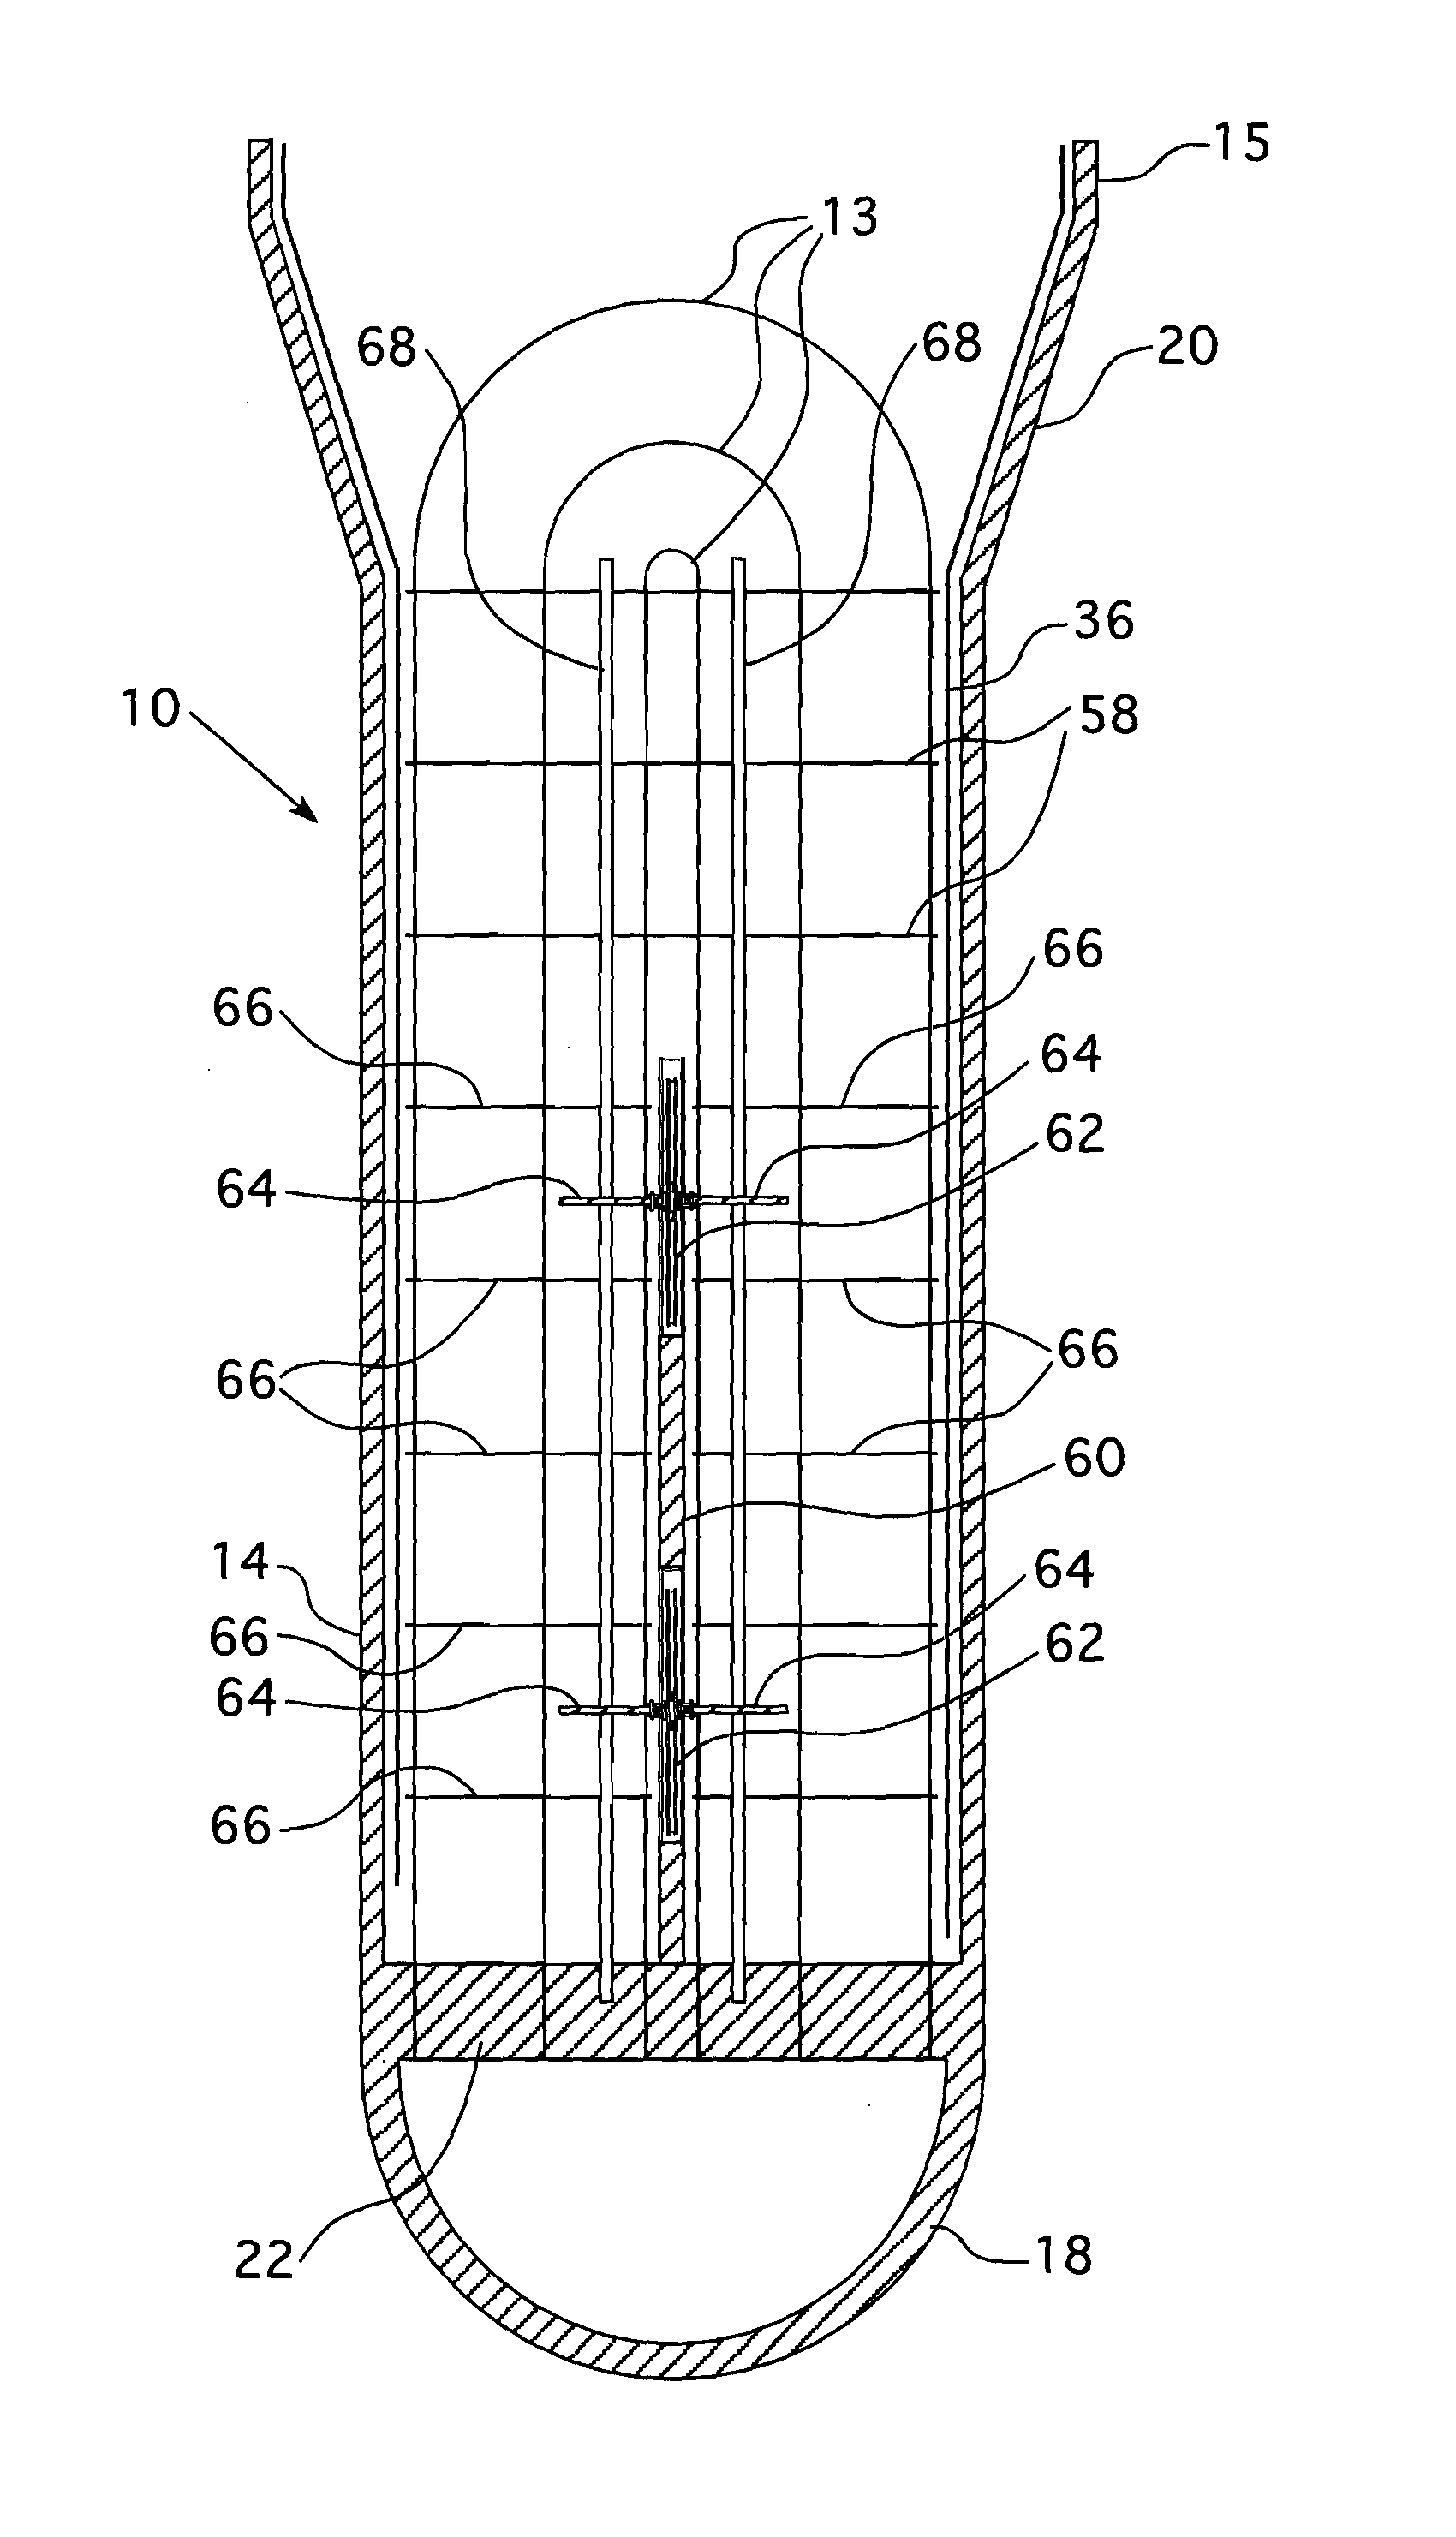 Anti-vibration tube support plate arrangement for steam generators
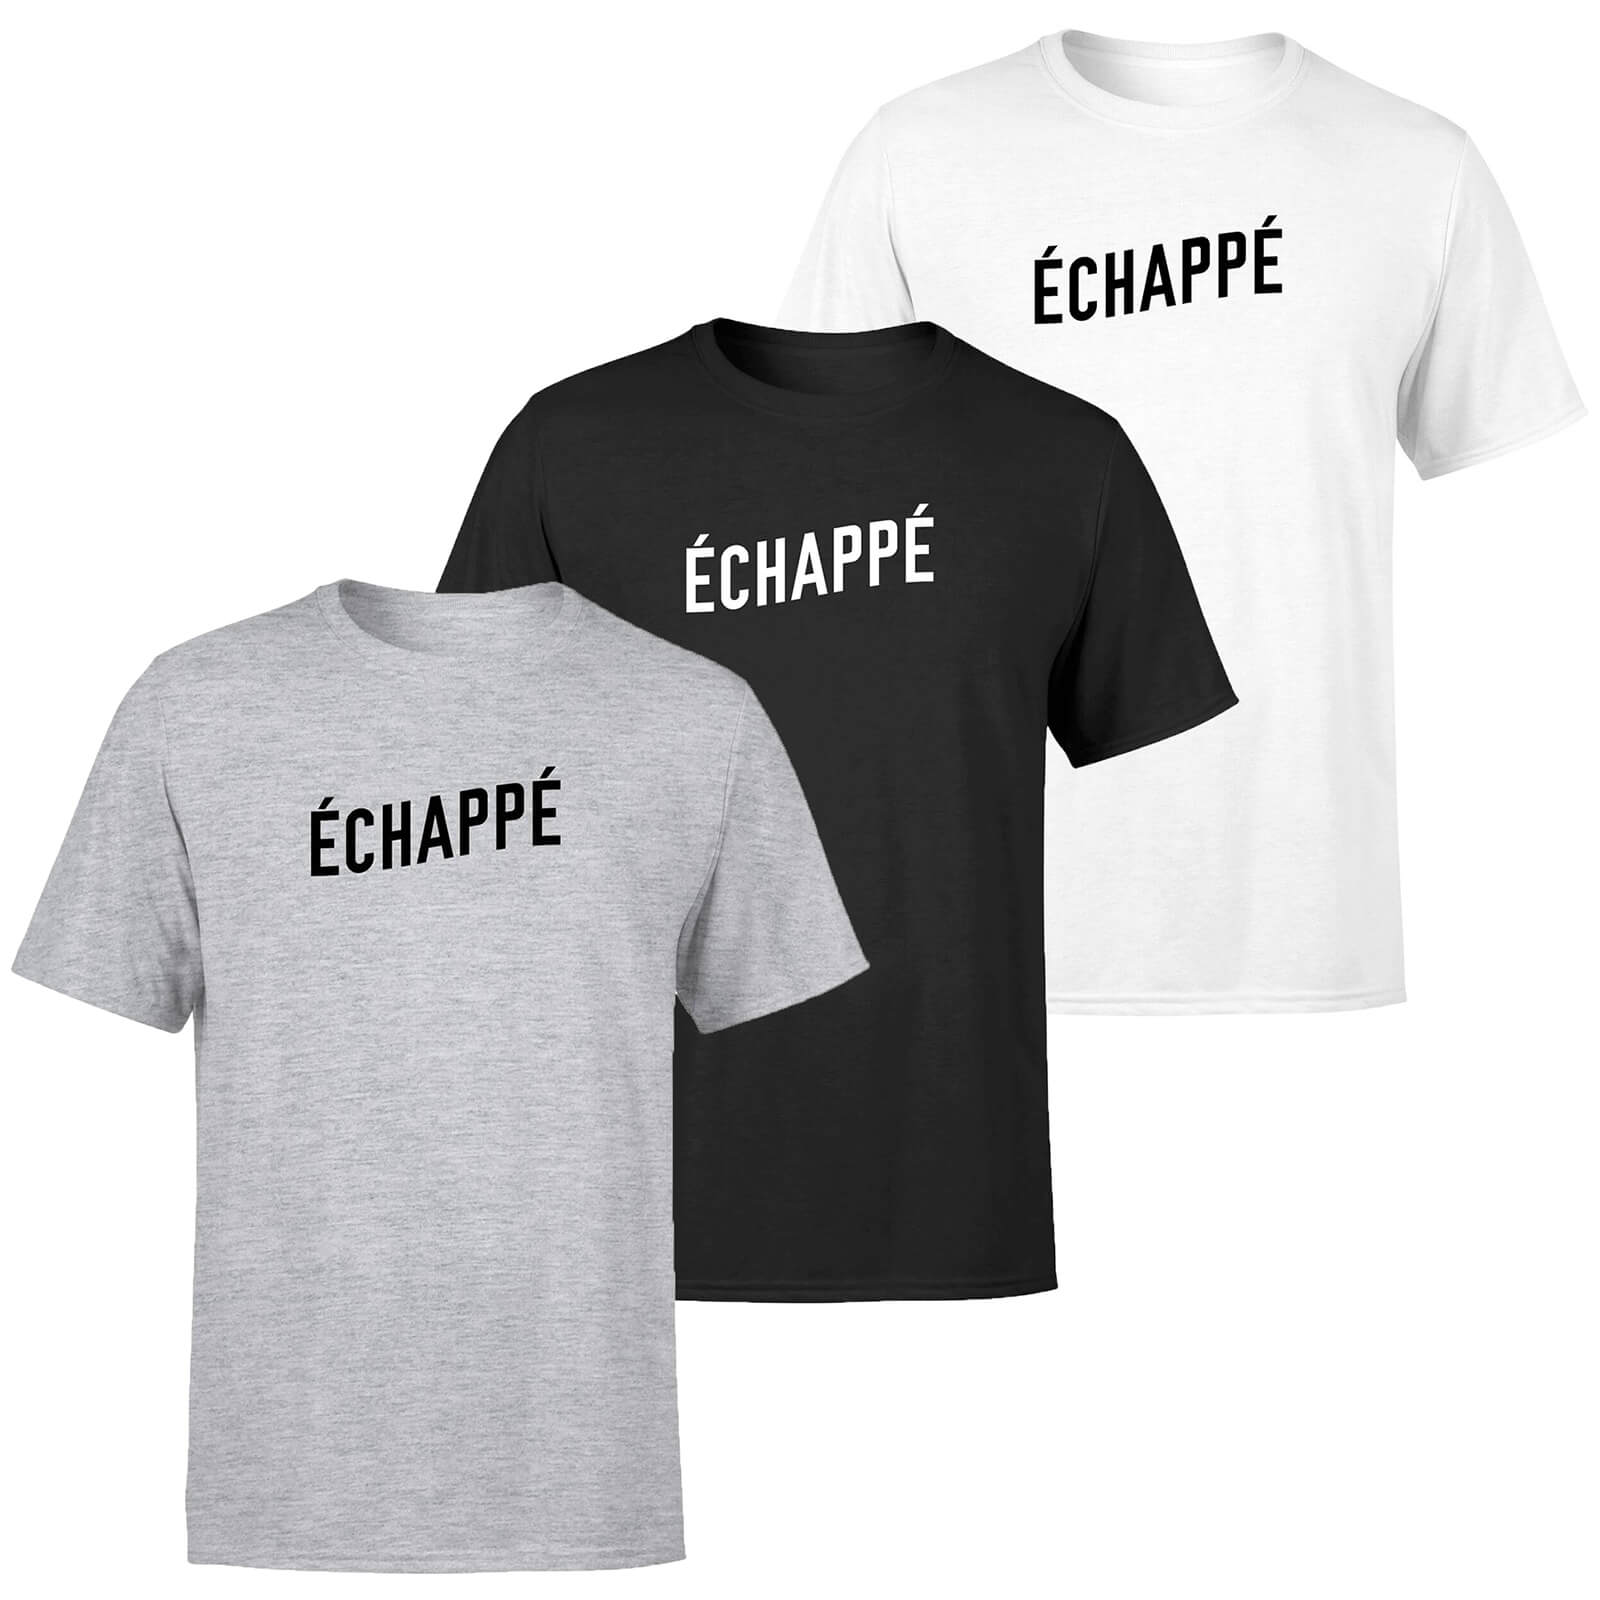 Echappe Men's T-Shirt - XL - Grey
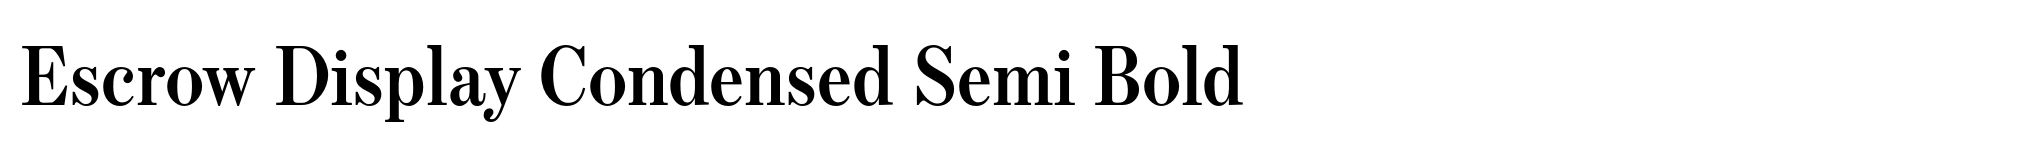 Escrow Display Condensed Semi Bold image
══════════════════════════════
## Your goal
Send back the listing exactly as it stands. Do not include the pictures.

## Task answer
 Anti-vibration tube support plate arrangement for steam generators
 Echappe Men's T-Shirt - XL - Grey
 Escrow Display Condensed Semi Bold image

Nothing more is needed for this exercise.